« On ne voit bien qu’avec le coeur » : signification de cette célèbre citation de Saint-Exupéry. Qu’est-ce que la vision du coeur ? En quoi consiste-t-elle ?
Paru au cours de la deuxième guerre mondiale, le Petit Prince est un conte d’Antoine de Saint-Exupéry dans lequel l’auteur imagine sa rencontre avec un enfant, le Petit Prince, qui lui raconte son histoire et la raison de sa venue sur la Terre.
Le chapitre XXI est un dialogue entre le Petit Prince et un renard, qui lui apprend ce que signifie « être apprivoisé ».
Etre apprivoisé ou apprivoiser signifie « créer des liens » dit le renard, en l’occurrence des liens de solidarité ou d’amitié. Créer de tels liens avec une personne permet de la distinguer des autres, de la voir comme unique. Le renard dit que lorsque des gens s’apprivoisent, ils ont besoin les uns des autres.
Le renard avance que sans amis, on s’ennuie, mais qu’avec des amis, le bonheur apparaît.
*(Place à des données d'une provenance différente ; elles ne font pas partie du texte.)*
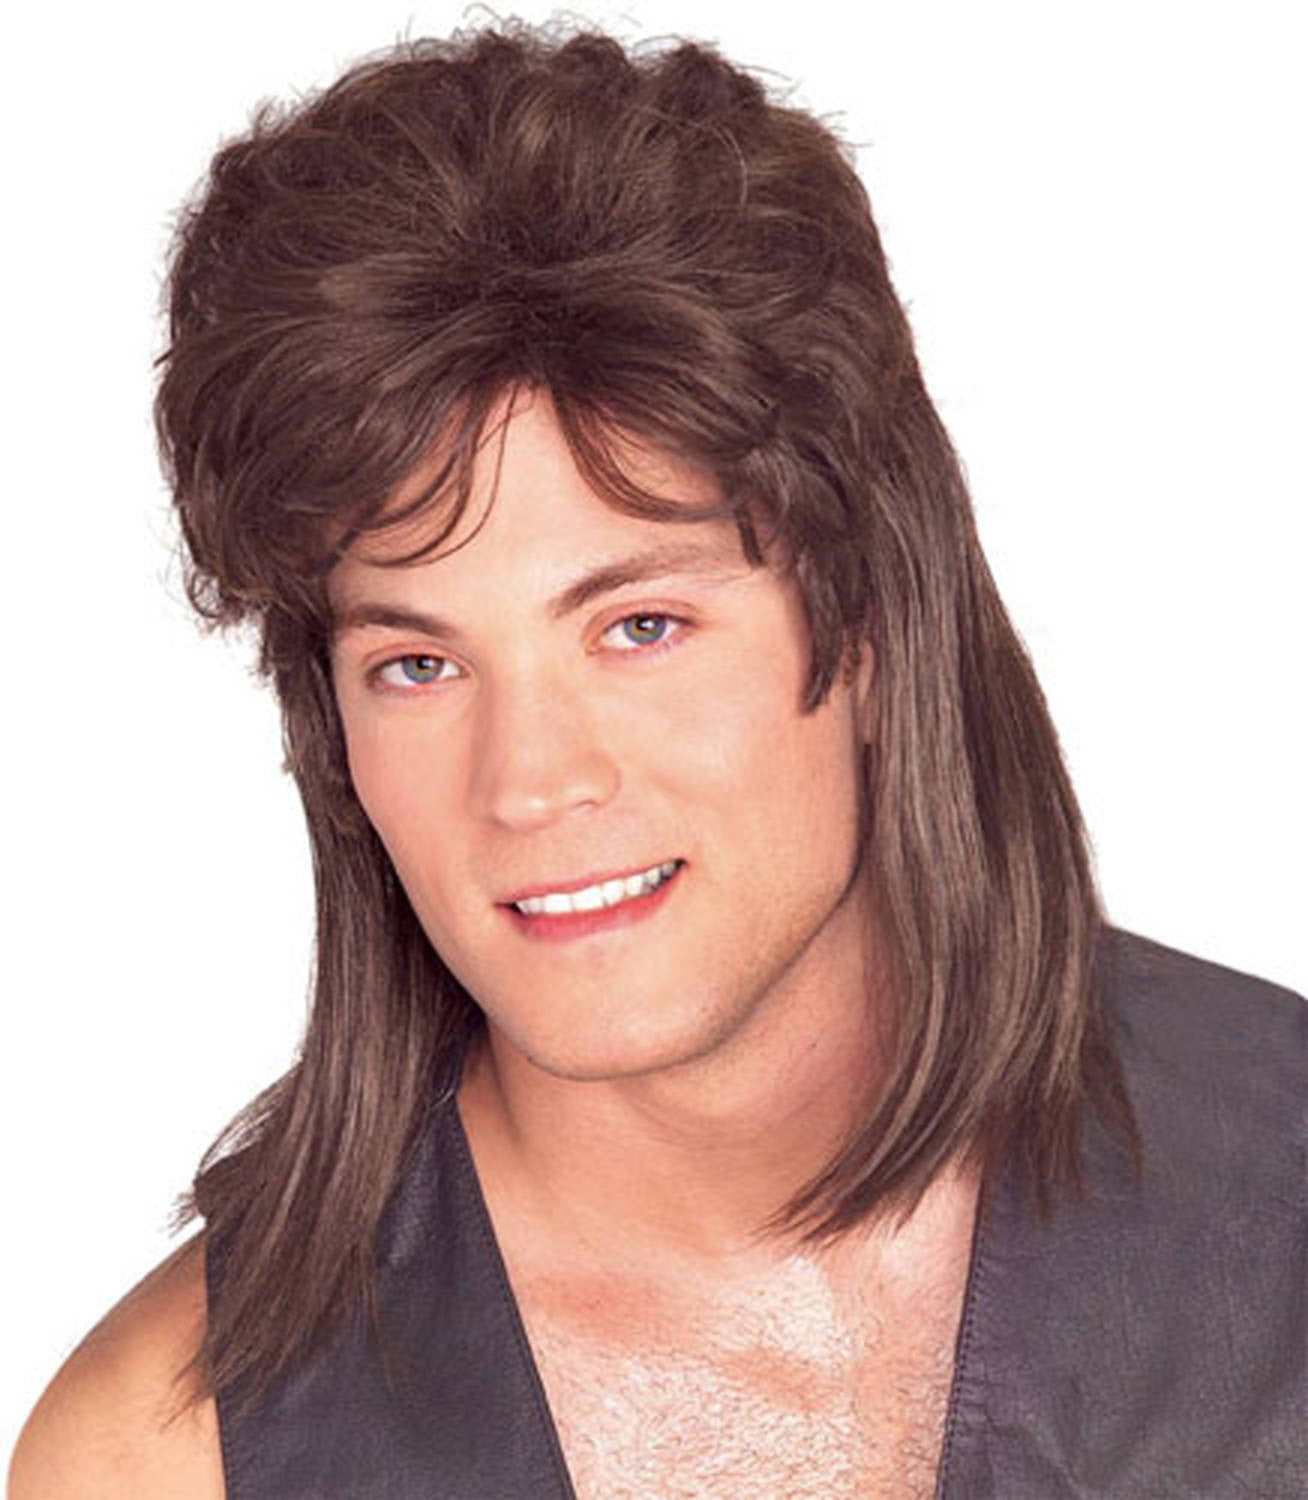 http://www.80stees.com/images/products/Mullet_Blonde-Wig.jpg

Il demande ensuite au Petit Prince de l’apprivoiser, ce à quoi il consent.
Le renard invite ensuite le Petit Prince à réaliser ce qui fait le caractère unique de la rose qu’il a laissée sur sa lointaine planète : cette rose est différente de toutes les roses qu’il a pu rencontrer sur Terre, non pas extérieurement, mais par la relation que le Petit Prince a pu tisser avec elle, puisqu’il l’a arrosée, abritée et soignée.
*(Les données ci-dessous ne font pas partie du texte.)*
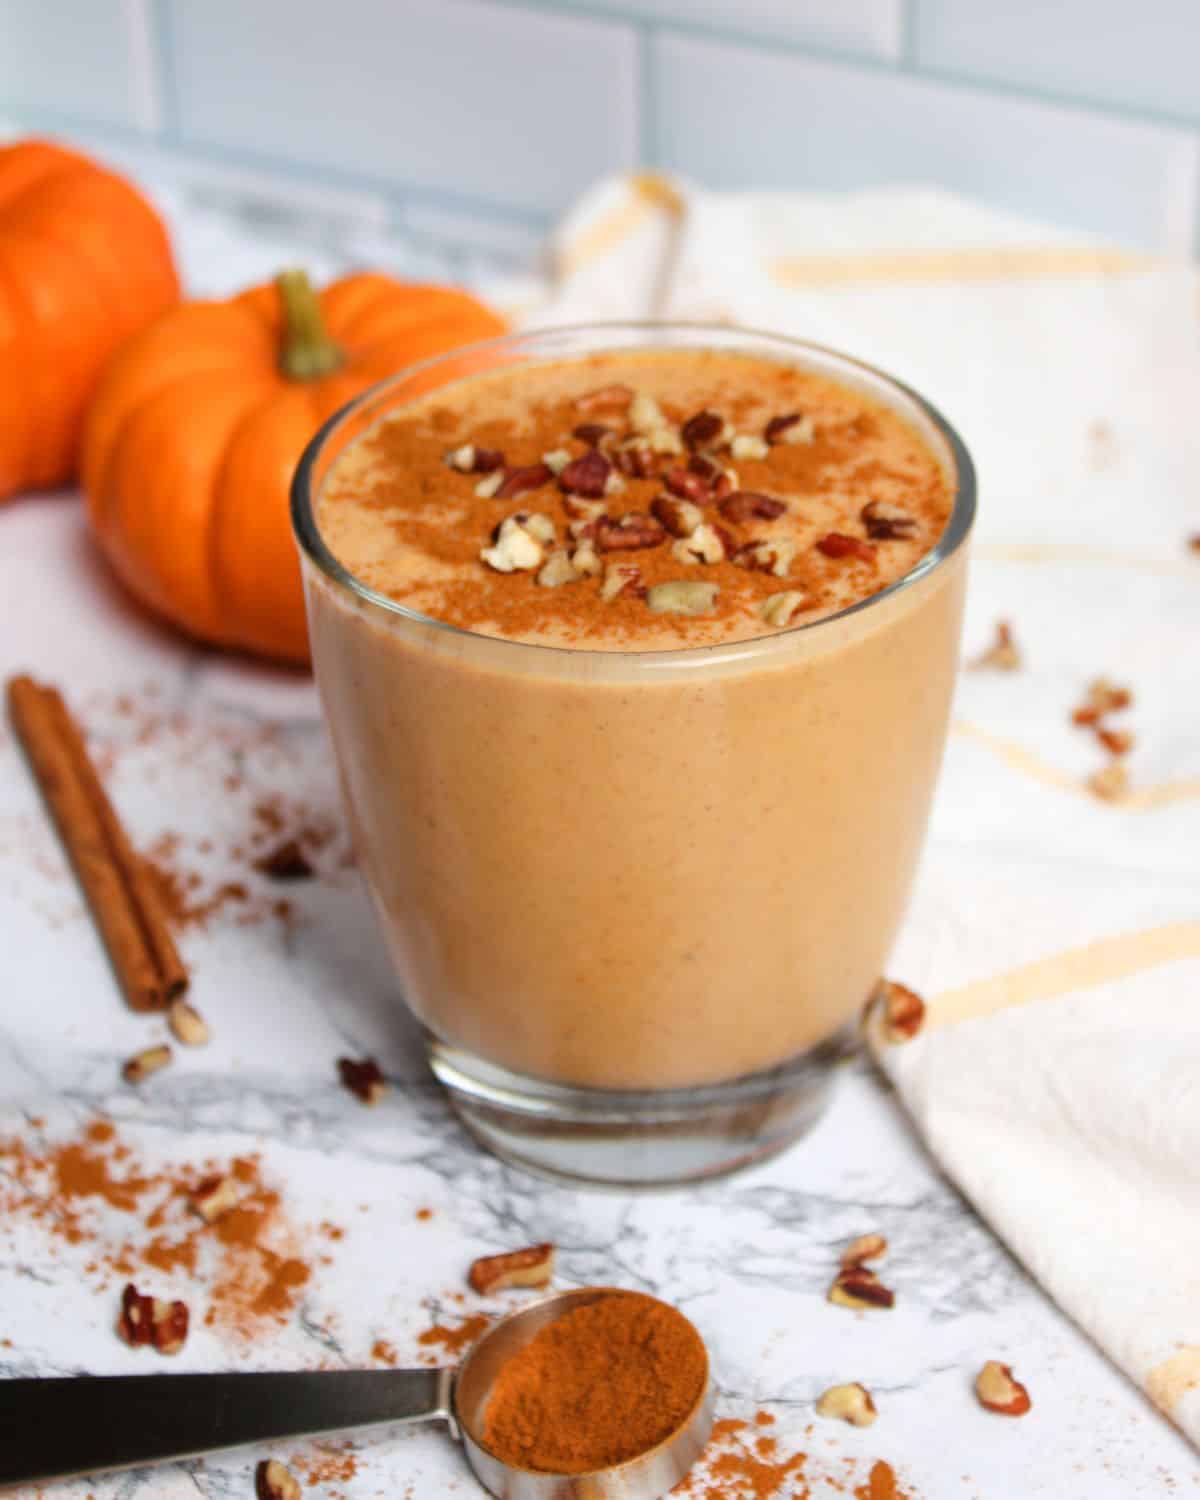 Pumpkin smoothie in a glass on a countertop with pumpkins and cinnamon sticks in the background.

Vient le moment des séparations :
Et il revint vers le renard :
Le Petit Prince, Antoine de Saint-Exupéry, 1943
– Adieu, dit-il…
– Adieu, dit le renard. Voici mon secret. Il est très simple : on ne voit bien qu’avec le cœur. L’essentiel est invisible pour les yeux.
– L’essentiel est invisible pour les yeux, répéta le petit prince, afin de se souvenir.
– C’est le temps que tu as perdu pour ta rose qui fait ta rose si importante.
– C’est le temps que j’ai perdu pour ma rose… fit le petit prince, afin de se souvenir.
– Les hommes ont oublié cette vérité, dit le renard. Mais tu ne dois pas l’oublier. Tu deviens responsable pour toujours de ce que tu as apprivoisé. Tu es responsable de ta rose…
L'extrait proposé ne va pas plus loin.